О «золотом захоронении» стало известно министерству военно-морского флота Англии. В 1963 году оно снарядило водолазов, которым удалось установить точное место гибели «Ассошиэйшна» и спустя три года поднять со дна дюжину полусгнивших шпангоутов, изъеденные ржавчиной пушки с ядрами и два десятка золотых монет. Однако в сентябре 1967 года министерство обошли аквалангисты-любители. Ими оказались Рональд Моррис, шестидесятилетний хозяин траулера, и аквалангисты Гофри Аптон и Дуглас Рой.

На россыпи золотых монет Гофри Аптон наткнулся всего в ста метрах от места, где работали водолазы военно-морского флота. На каменистом грунте аквалангисту удалось собрать около двух тысяч золотых и серебряных реалов, пиастров, крон, полукрон и флоринов. Большая часть монет хорошо сохранилась. Самая древняя датировалась 1664 годом.

Не успела затихнуть газетная шумиха вокруг этой находки, как в Англии объявились наследники адмирала Шовела.

Первой начала претендовать на сокровище погибшего корабля некая Энн Стэндши. Она заявила нотариусу, что сэр Клоудезли Шовел приходится ей родственником в седьмом колене.

Вторая претендентка на клад предпочла сохранить свое имя в тайне до начала судебного процесса.

На это Рональд Моррис заявил в печати, что для завершения поисков клада с затонувшего «Ассошиэйшна» потребуется, по его мнению, еще три года, а что касается наследников, то им вряд ли удастся доказать, что найденные его аквалангистами монеты являлись личной собственностью адмирала.

Пока еще суд не решил, кому принадлежат сокровища. Он займется этим делом лишь через ГОД. Однако это вовсе не означает, что все разговоры о «золотом дне» у островов Силли тоже отложены. В прибрежных водах туманного Альбиона покоится немало затонувших судов. Их сокровища не дают спокойно спать аквалангистам-любителям. Действуя на свой страх и риск, подводные шерлоки холмсы, роясь в кладовках Нептуна, нередко используют динамит, уничтожая то, что интересует ученых. Вот почему на страницах британской печати все чаще появляются тревожные высказывания ученых о варварской охоте за кладами, покоящимися до поры до времени на морском дне.

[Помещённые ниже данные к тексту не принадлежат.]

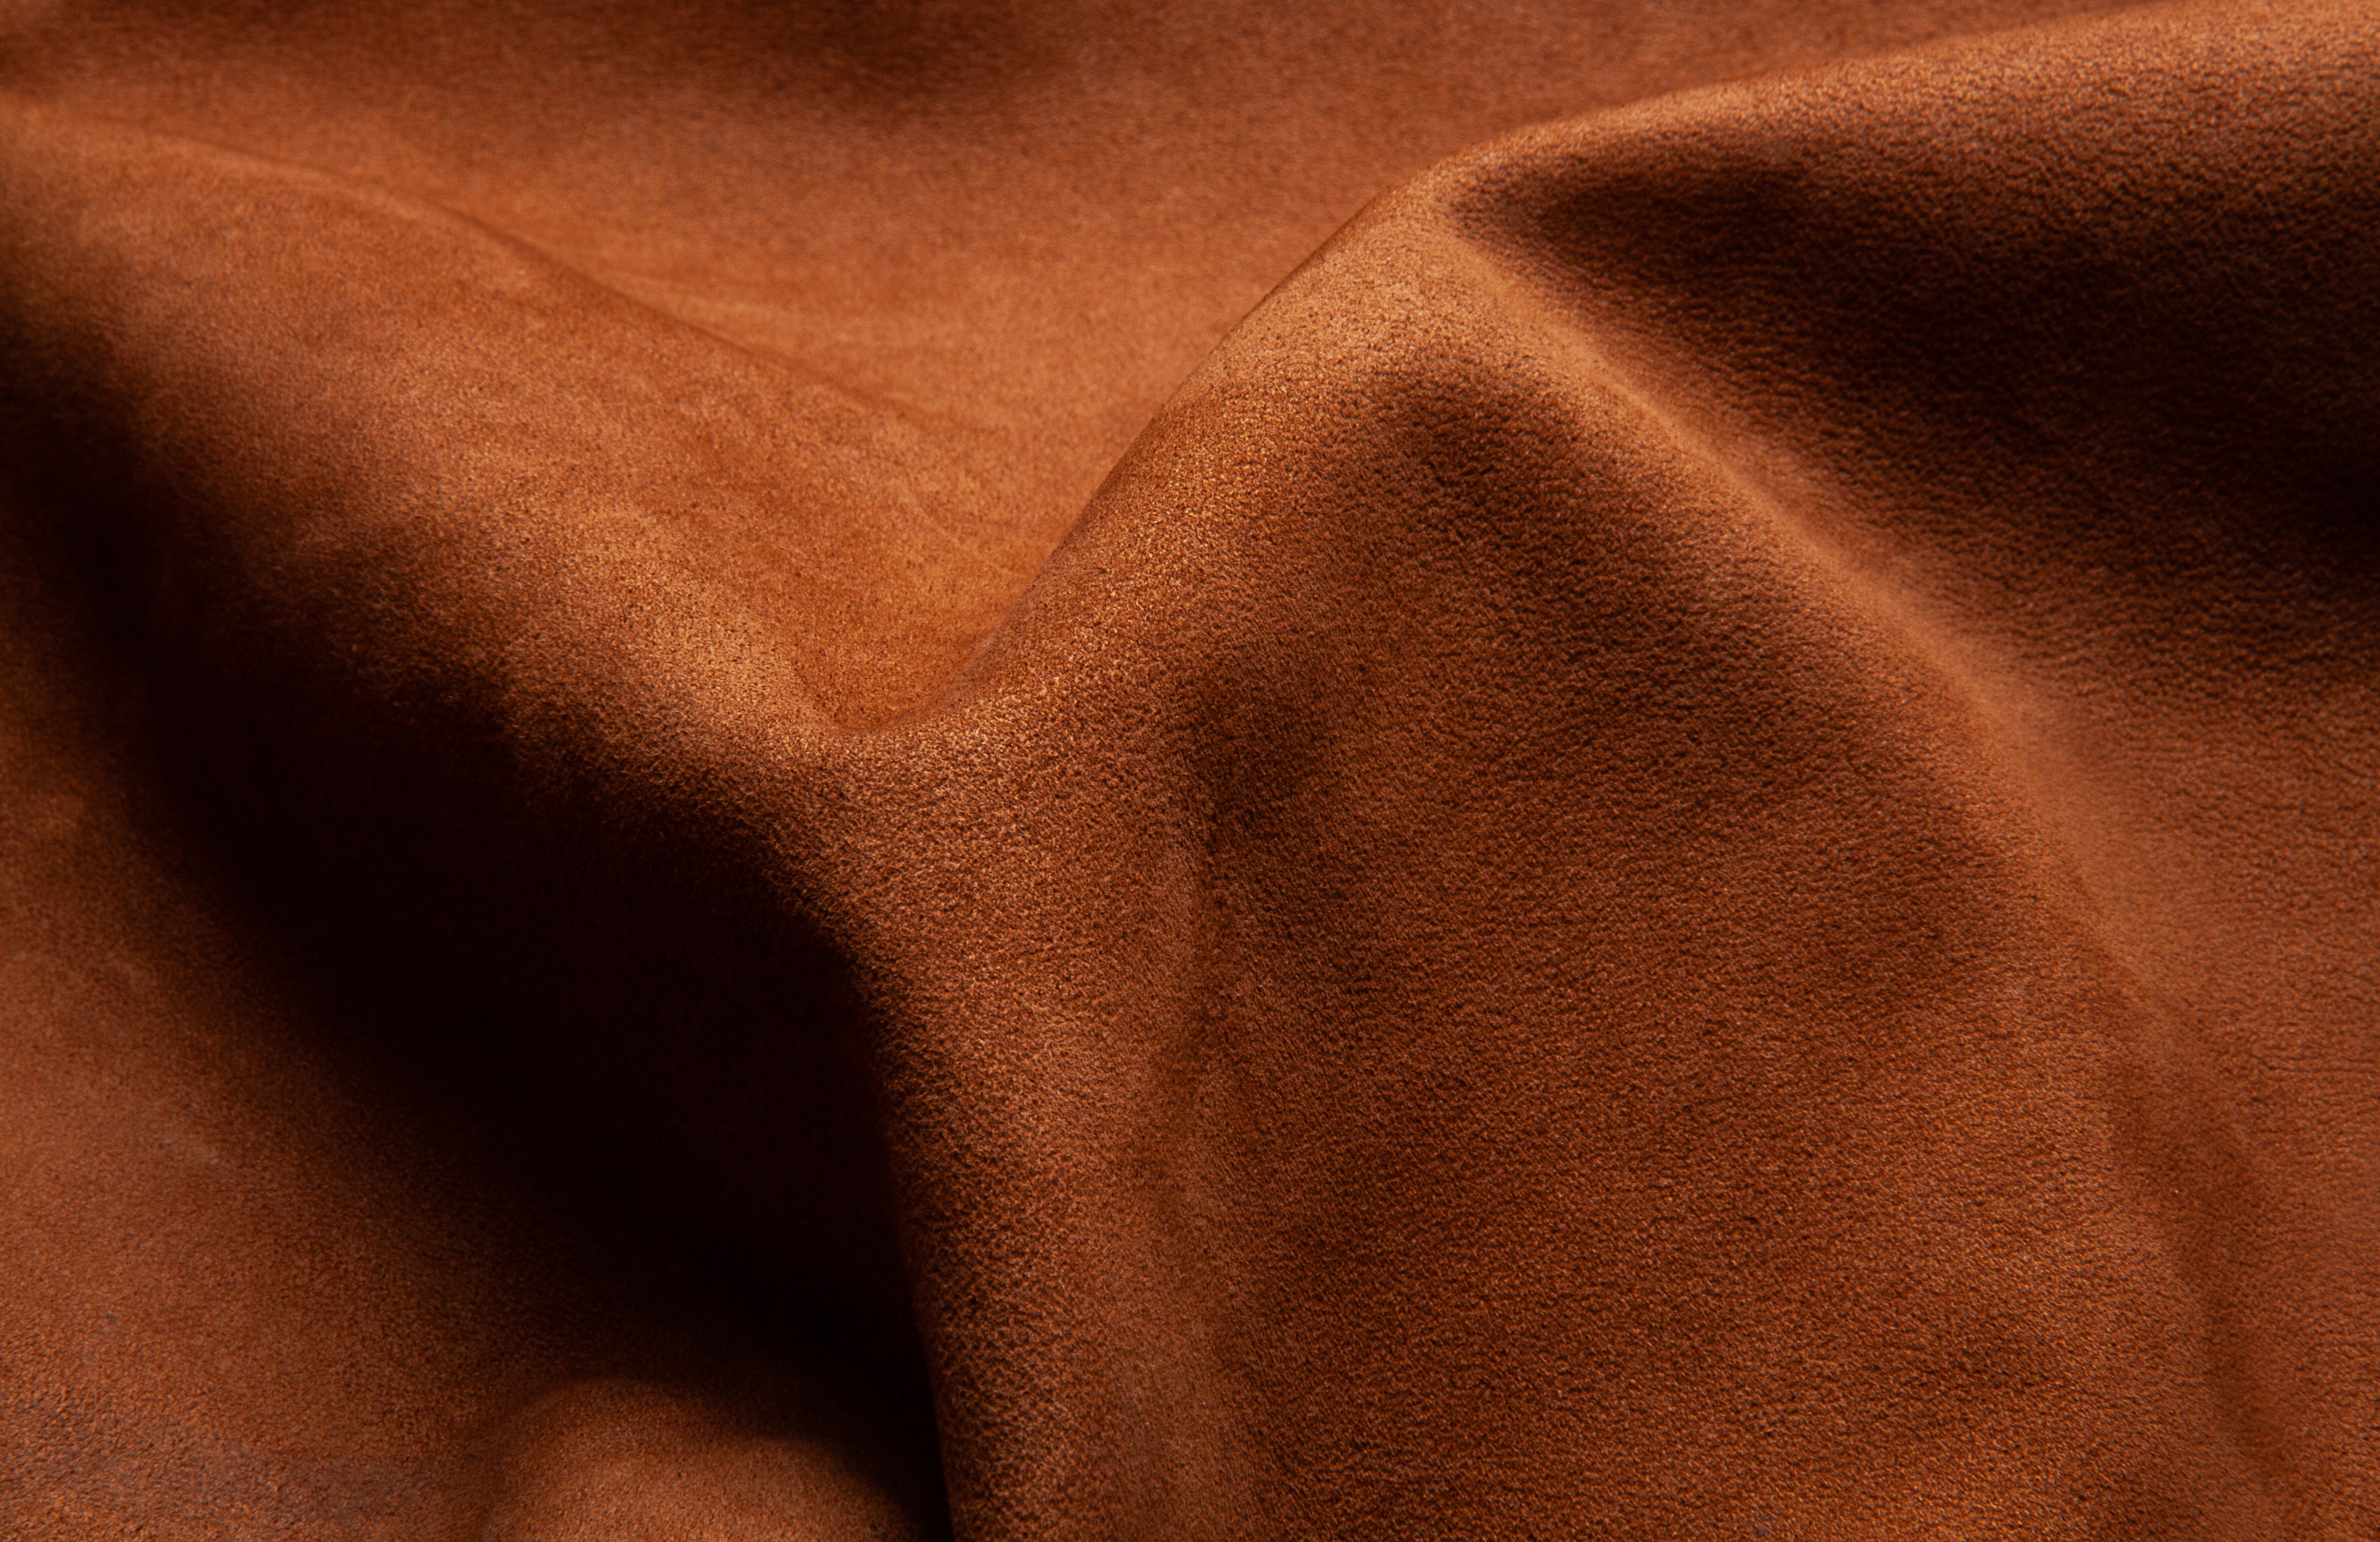 texture, textures, brown, folds, pleating, leather, skin

(Лев Скрягин. Золотое дно у островов — Силли. «Вокруг света», 1968, № 5)

5. ТАЙНА БРИГА «ТЕЛЕМАК»

К вечеру небо отяжелело от туч, ветер усилился, заметая снежной крупой набережные Сены и улицы городка Кайбеф. Река ощетинилась волнами, каскады студеных брызг обрушились на палубу брига «Телемак». Корабль входил в устье Сены почти с убранными парусами. Стоя на мостике, капитан Андре Каминю всматривался в огни ночного порта, желая лишь одного — отдыха. Через полчаса заскрежетали якорные цепи, и судно закачалось на волне. С нетерпением глядя на приближающееся мутное пятно фонаря таможенной шлюпки, капитан приказал сбросить трап. Вскоре она пришвартовалась, и черные фигуры таможенников в плащах появились на палубе. Каминю шагнул навстречу.

— Бриг зафрахтован руанскими купцами для доставки товаров в Лондон. Я бы попросил вас, господа, побыстрее провести досмотр. Команда чертовски устала…

— Я думаю, капитан, — ответил глухим голосом высокий таможенник, лицо которого скрывал капюшон, — что досмотр мы отложим до утра. Время позднее, да и зюйд-вест набирает силу.

— Благодарю вас…

Но утром им не суждено было встретиться на бриге. Через несколько часов штормовой ветер погнал тяжелые морские волны в Сену. Схлестнувшись с быстрым течением реки, они образовали мощные водовороты. «Телемак» сорвало с якоря, и спустя четверть часа он исчез в пучине. Команде удалось спастись — до берега было недалеко.

Сена поглотила «Телемак» 4 января 1790 года. В те дни гибель брига привлекла внимание разве что мелких чиновников министерства, запечатлевших это трагическое событие в реестре.

Взоры французов приковал к себе Париж, где набирала силу революция. Спустя два года восставший народ сверг монархию, а в январе 1793-года по решению Конвента был казнен Людовик XVI, несколько позже — Мария-Антуанетта. После смерти королевы в Париже стали упорно распространяться слухи о сказочных сокровищах, которые королевская семья якобы пыталась тайно вывезти в Англию. Французские газеты писали, что в конце 1789 года Мария-Антуанетта доверила переправить в Лондон все фамильные драгоценности капитану «Телемака» Андре Каминю, в прошлом не раз выполнявшему деликатные поручения королевы. Будто бы по ее указанию золотая посуда, кубки, наполненные алмазами и рубинами кожаные мешки, а также два с половиной миллиона золотых луидоров под охраной преданных офицеров королевской гвардии были тайно доставлены в Руан, где в порту под погрузкой стоял Телемак». Сюда же были привезены и сокровища нескольких аристократических семейств и аббатств Франции. В газетах утверждалось, что в Руане в подвалах замка одного из приближенных короля золото и серебрр укладывали в специально изготовленные бочонки. Их заливали дегтем и грузили на «Телемак».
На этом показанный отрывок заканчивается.